PROBLEM TO WORK ON. Print the records below exactly, from the line containing "Draytek Vigor2130 Series" down to the line containing "Está a Shein", both lines included, and omit every picture.

DATA TO USE.
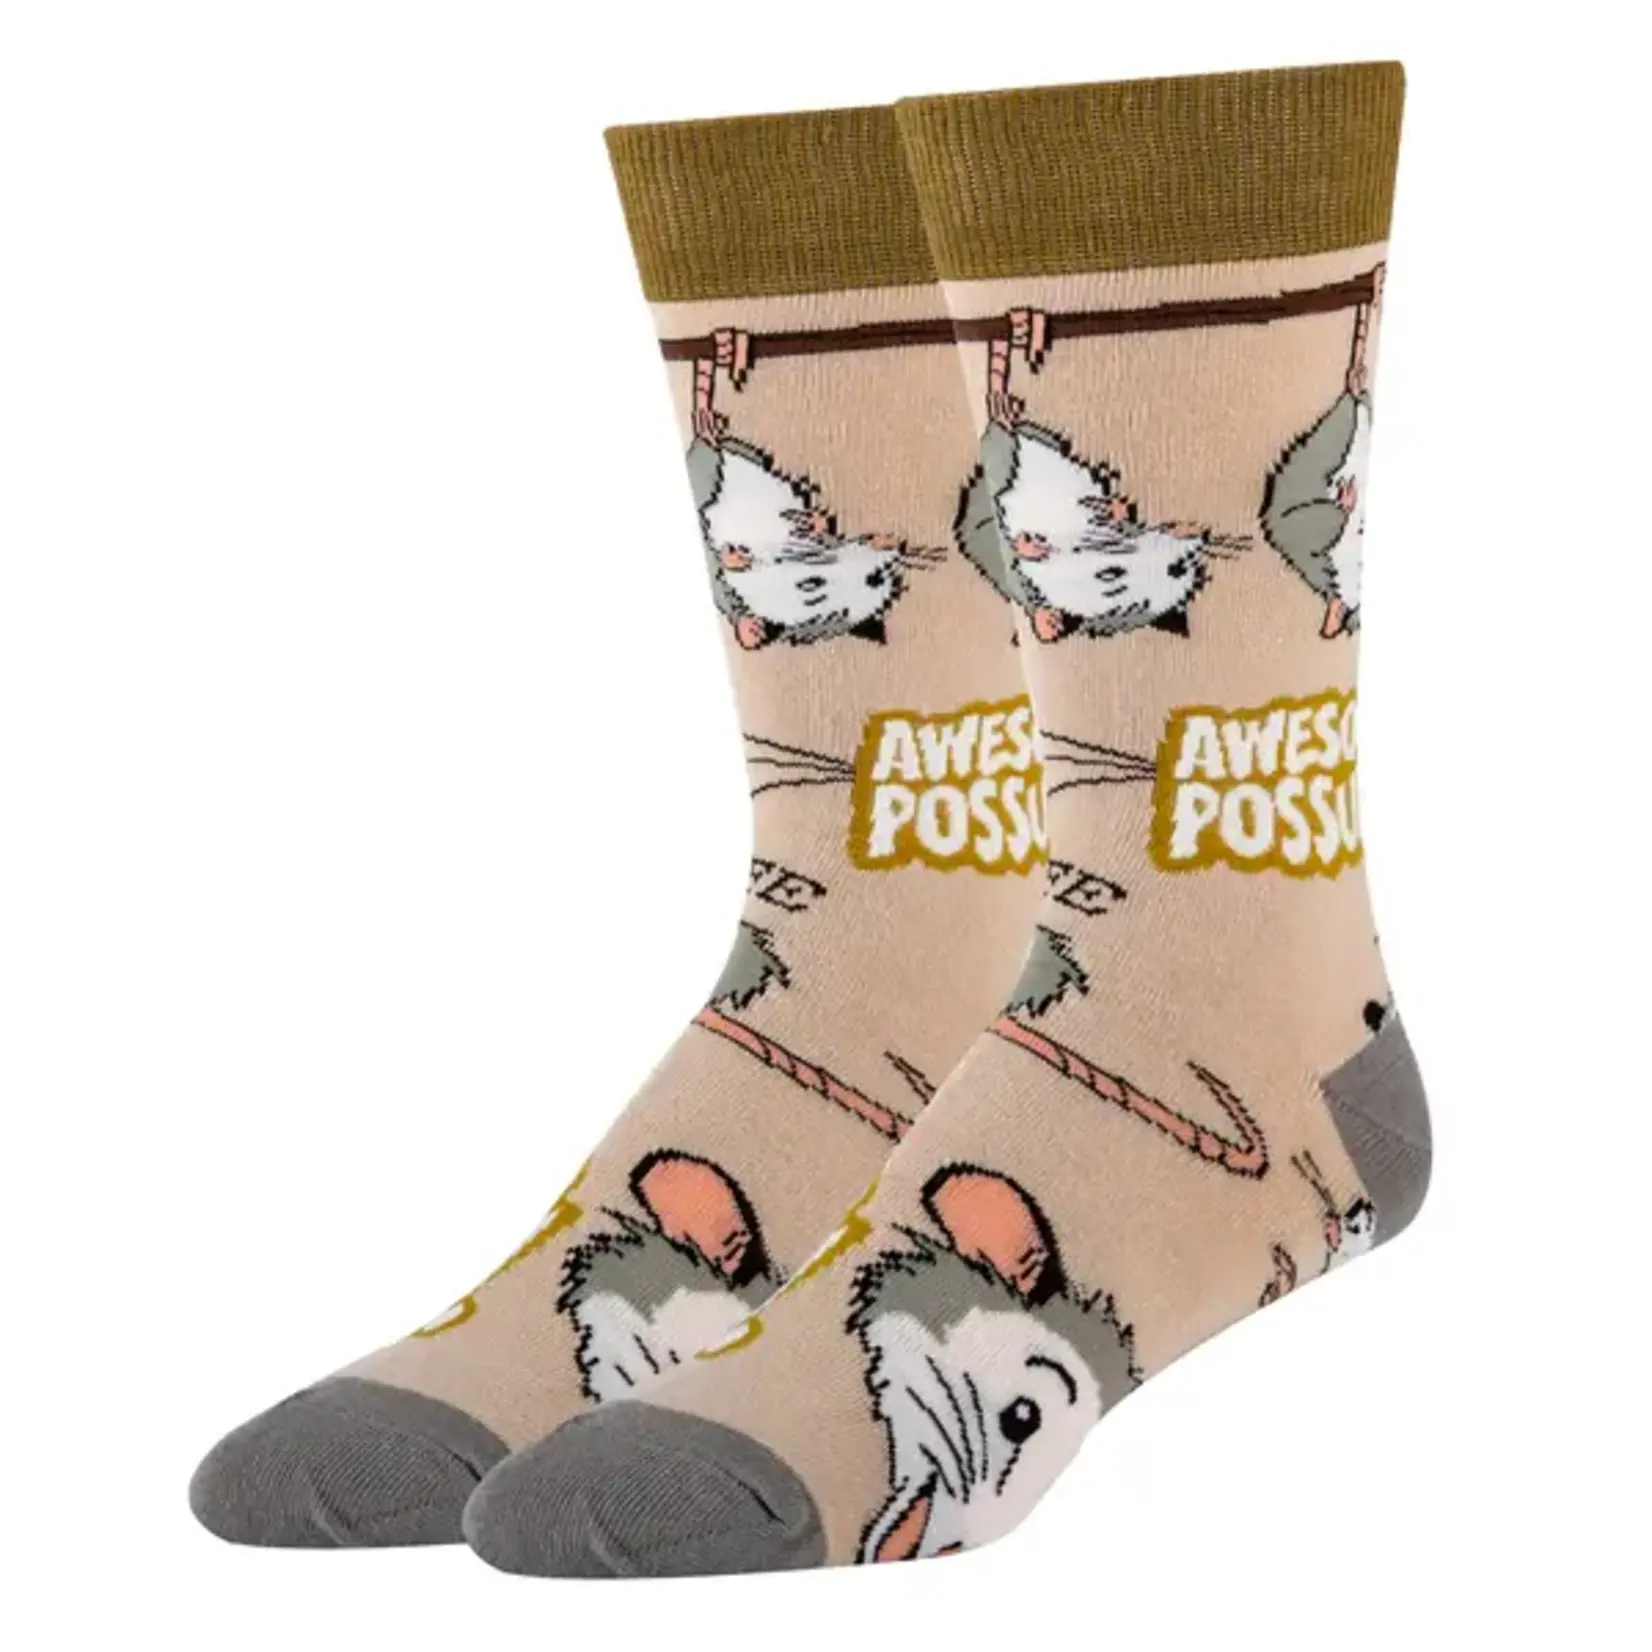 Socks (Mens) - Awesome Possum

* * *

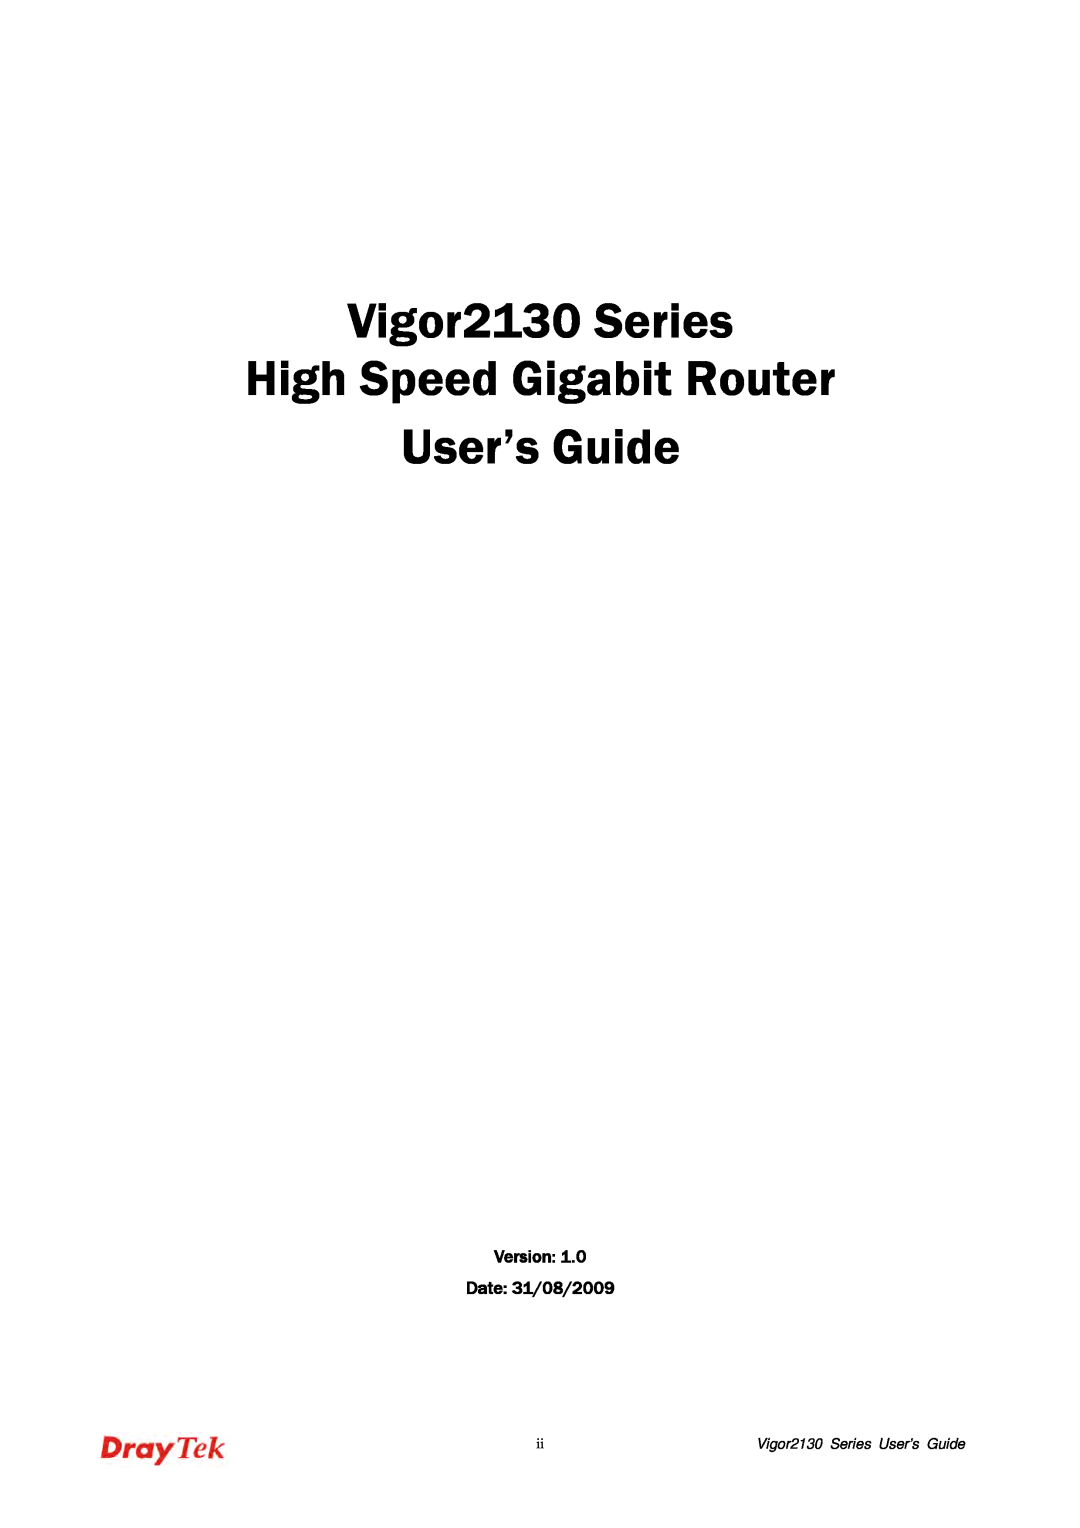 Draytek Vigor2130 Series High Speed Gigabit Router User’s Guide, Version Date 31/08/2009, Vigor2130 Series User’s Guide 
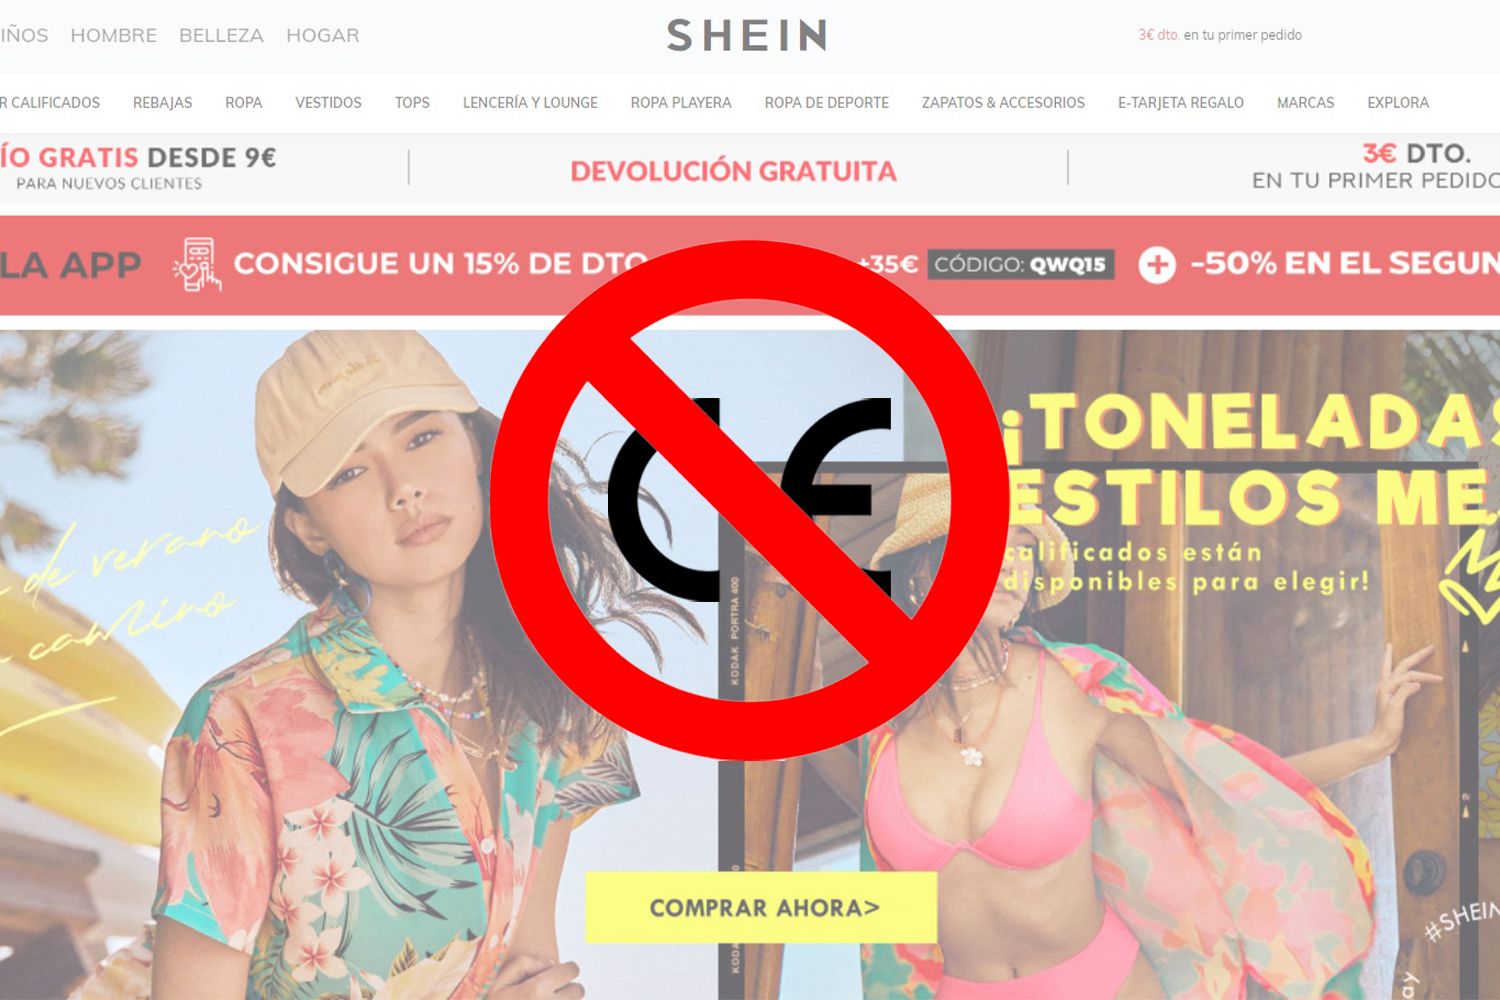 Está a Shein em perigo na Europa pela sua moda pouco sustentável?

TASK RESPONSE.
 Draytek Vigor2130 Series High Speed Gigabit Router User’s Guide, Version Date 31/08/2009, Vigor2130 Series User’s Guide 
 Está a Shein em perigo na Europa pela sua moda pouco sustentável?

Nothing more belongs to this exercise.